In this tutorial, we consider the most basic approach.



Cross-validation
----------------


Cross-validation (CV) is a standard technique for adjusting
hyperparameters of predictive models.  In K-fold CV, the available
data :math:`S` is partitioned into K subsets :math:`S_1,\dots,
S_K`. Each data point in :math:`S` is randomly assigned to one of the
subsets such that these are of almost equal size (i.e., :math:`\lfloor
|S|/K\rfloor \leq |S_i|\leq \lceil |S|/K\rceil`).  Further, we define
:math:`S_{\setminus i}=\bigcup_{j=1,\dots,K \wedge j\neq i} S_i` as
the union of all data points except those in :math:`S_i`.  For each
:math:`i=1,\dots,K`, an individual model is built by applying the
algorithm to the training data :math:`S_{\setminus i}`. This model is
then evaluated by means of a cost function using the test data in
:math:`S_i`. The average of the K outcomes of the model evaluations is
called *cross-validation (test) performance* or
*cross-validation (test) error* and is used a predictor of the
performance of the algorithm when applied to :math:`S`.  Typical
values for K are 5 and 10 [HastieTibshiraniFriedman-2008]_.
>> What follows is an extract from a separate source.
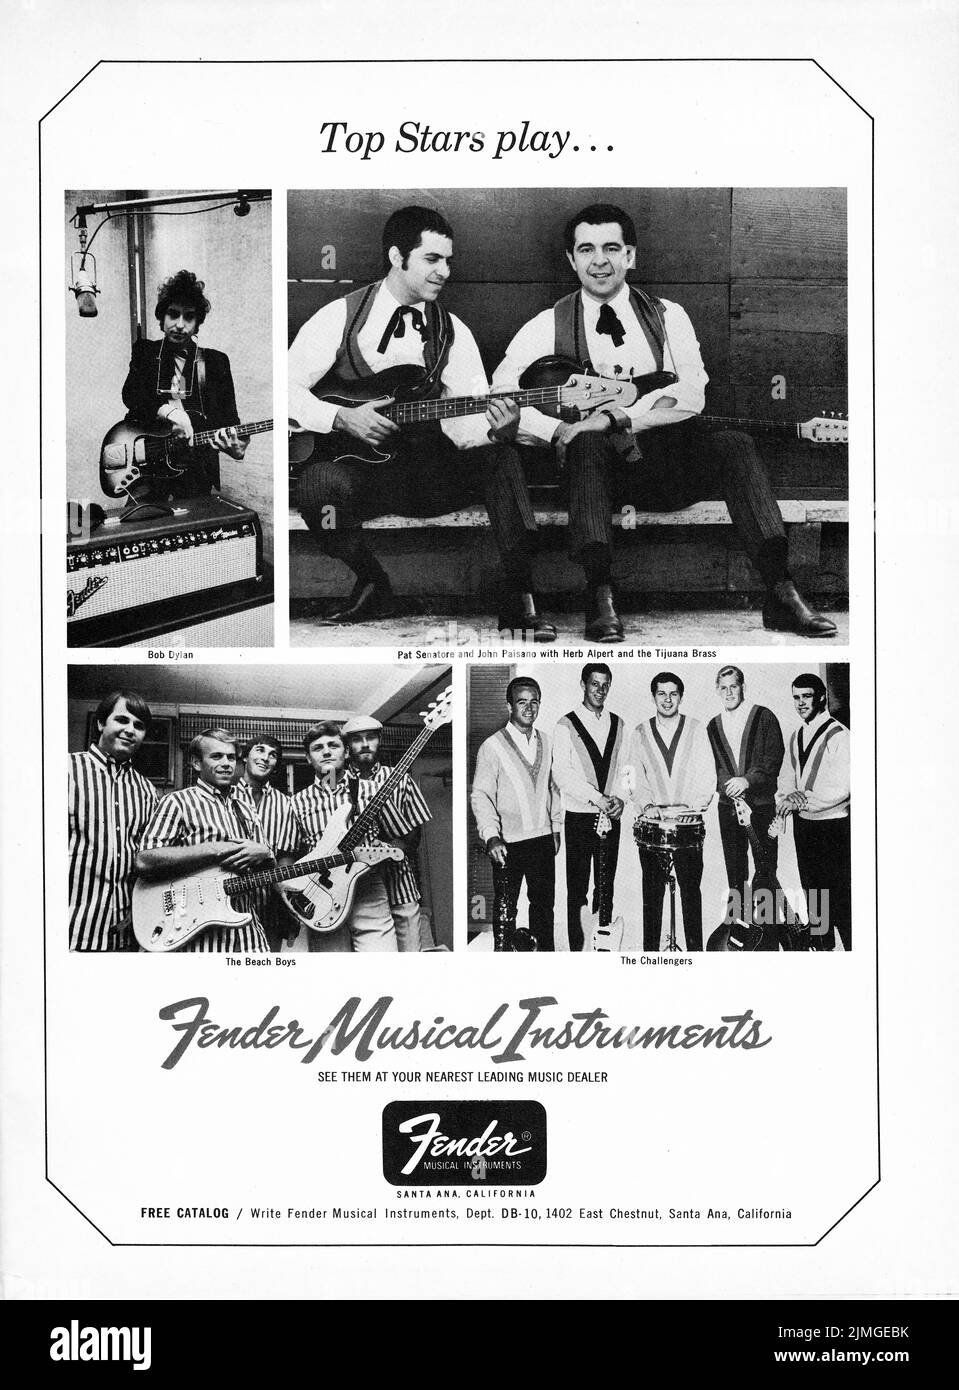 A Fender guitar ad from a 1962 music magazine showing that top stars play Fender instruments. The ad features Bob Dylan, the Beach Boys, members of Herb Alpert's band & the Challengers. Stock Photo

To choose :math:`C` and :math:`\gamma` using K-fold CV, we first split
the available data into K subsets.  Then we compute the CV error using
this split error for the SVM classifiers using different values for
:math:`C` and :math:`\gamma`.  Finally, we pick the :math:`C` and
:math:`\gamma` with the lowest CV error and use it for training an SVM
on the complete data set :math:`S`.



Jaakkola's heuristic
--------------------

Jaakkola's heuristic [JaakkolaDiekhausHaussler1999]_ provides a reasonable initial guess for the
bandwidth parameter :math:`\gamma` or :math:`\sigma` of a Gaussian
kernel. 

To estimate a good value for :math:`\sigma`, consider all pairs
consisting of an training input vector from the positive class and a
training input vector from the negative class.  Compute the difference
in input space between all pairs.  The median of these distances can
be used as a measure of scale and therefore as a guess for :math:`\sigma`.
More formally, compute

.. math ::
  G=\{  \|x_i - x_j\|\,|\, (x_i, y_i), (x_j,y_j)\in S \wedge y_i\neq y_j\}

based on your training data :math:`S`.
Then set  :math:`\sigma_{\text{Jaakkola}}` equal to the median of the values
in :math:`G`:

.. math ::
  \sigma_{\text{Jaakkola}} = \operatorname{median}(G)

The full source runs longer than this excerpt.